Арфия, которая, очевидно, выжидала где-то неподалеку, вернулась и бесшумно подошла к Уасему, чтобы удостовериться в том, что он крепко спит. Затем, потихоньку наклонившись к нему, она вытащила у него из-под головы ботинки и быстро исчезла.

Ударившись головой об землю, Уасем проснулся. Еще не вполне очнувшись от сна, он стал шарить рукой вокруг себя, ища ботинки, и, задыхаясь, проговорил:

— Ох! Что же это такое случилось? Кто-то… мои… Мои туфли! Где они? У меня их украли! Нет, это невозможно!.. Украли… мои красивые туфли! Украли! Украли!.. Ведь они же лежали здесь, у меня под головой!..

Едва забрезжившая белизна рассвета застала Родвана свернувшимся калачиком во рву около дороги, отделявшем ее от окрестных полей.
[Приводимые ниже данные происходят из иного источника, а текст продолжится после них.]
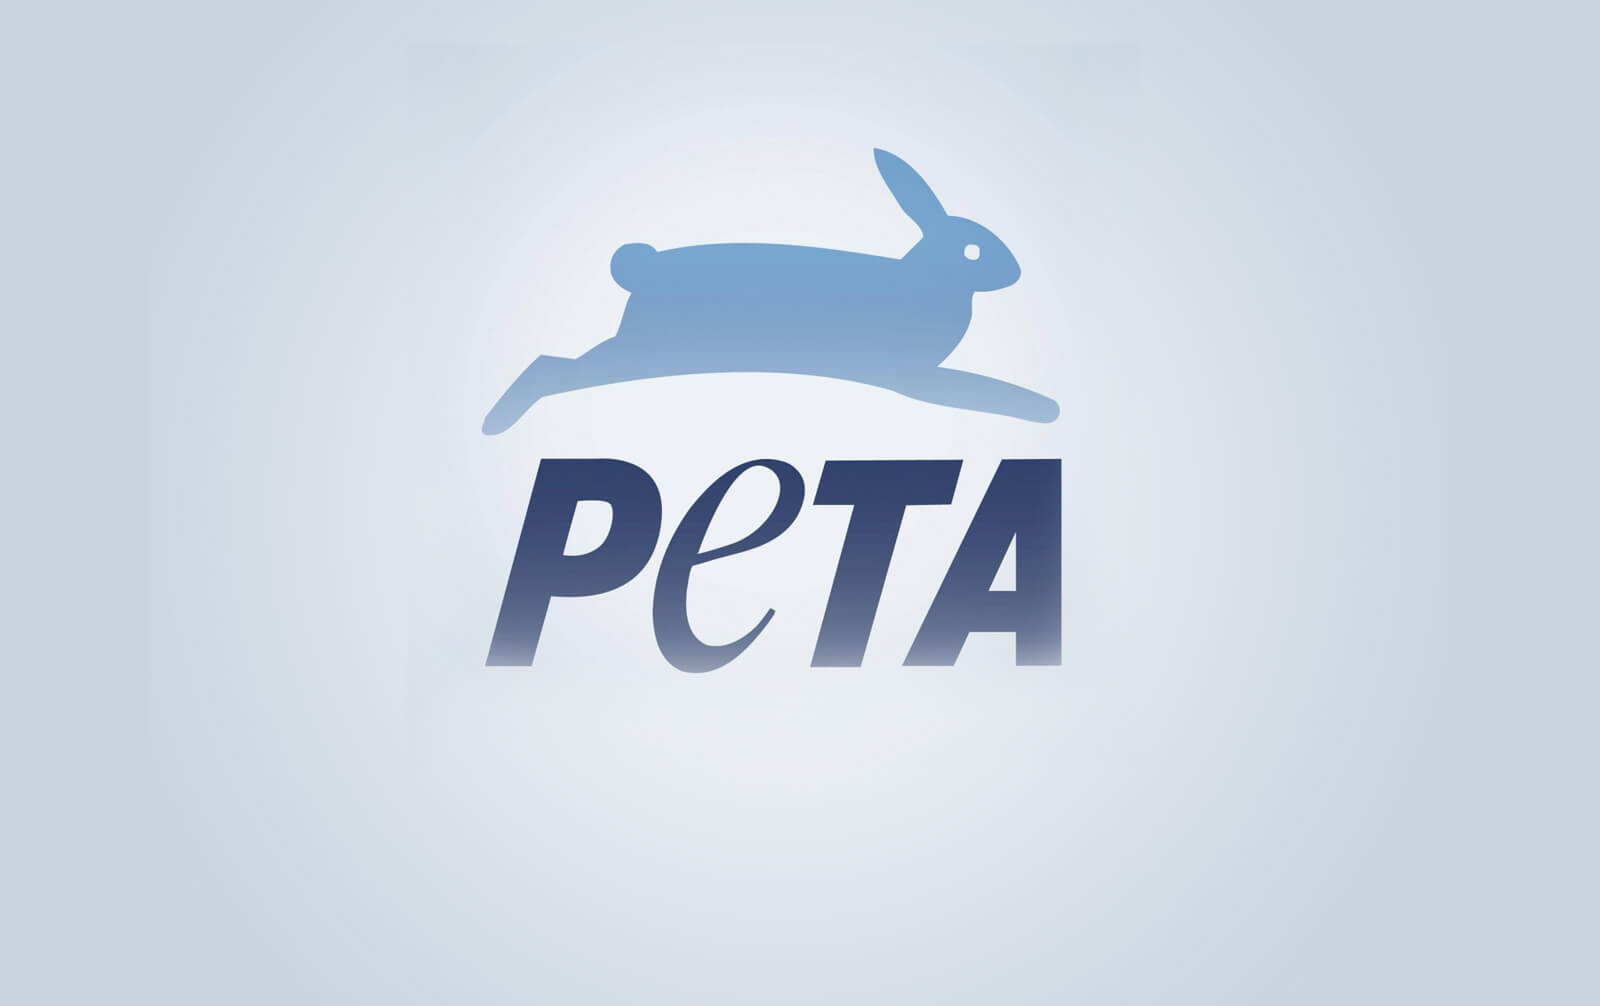 peta facebook placeholder new The University of Houston Racks Up Multiple Violations; PETA Files Complaint

Он не помнил, как заснул, а когда проснулся, то ему показалось, что он просто куда-то исчезал, потом снова вернулся к этому месту. Может быть, он видел и еще какое-нибудь представление и других бродяг, но сейчас, то ли пробудившись от сна, то ли вернувшись откуда-то, уже ничего не помнил. Портал был снова перед ним. И вход был закрыт. Родван, не глядя, долго ждал в томительной надежде, что, скрипнув, откроются его массивные деревянные ворота, изъеденные временем, покрытые паутиной трещин.

Он окоченел и лежал не двигаясь. А заря уже просачивалась под его воспаленные веки, лила свой горький и сырой утренний свет прямо ему в нутро, еще скованное ночным холодом. Родван не ощущал сейчас ничего, кроме тяжести пробуждения — этой невыносимой подавленности, которая отнимает все силы в тот момент, когда надо вставать и продолжать жить, но ради жизни не хочется даже пошевелить мизинцем… Родвану уже было ясно — и незачем для этого было смотреть по сторонам, — что он не должен искать Арфию, что она, как и все остальные, давным-давно — бог знает когда — отсюда ушла. Вокруг не видно было ни одной живой души — ни на проходившей рядом дороге, ни на окрестных землях, — лишь стена из желтого камня, все та же стена, вдоль которой он ходил здесь каждый день, возвышалась перед ним со своим закрытым порталом. Мысль о Слиме, оставшемся лежать там, в горах, о последних мгновениях его существования, — эта мысль овладела Родваном и тут же покинула его. Оцепенев от холода, он вновь застыл в полной неподвижности, прижимавшей его к земле, которая, казалось, вот-вот втянет его в себя еще глубже. Но, как ни парадоксально, ощущение у него было такое, что в своей неподвижности он как бы уносится вдаль дыханием утра, рассыпаясь на части и повисая лоскутами своего существа на каждом кусте. И ему вдруг жутко захотелось быть пронзенным солнцем, поклеванным птицами, переполненным ветром этого встающего дня.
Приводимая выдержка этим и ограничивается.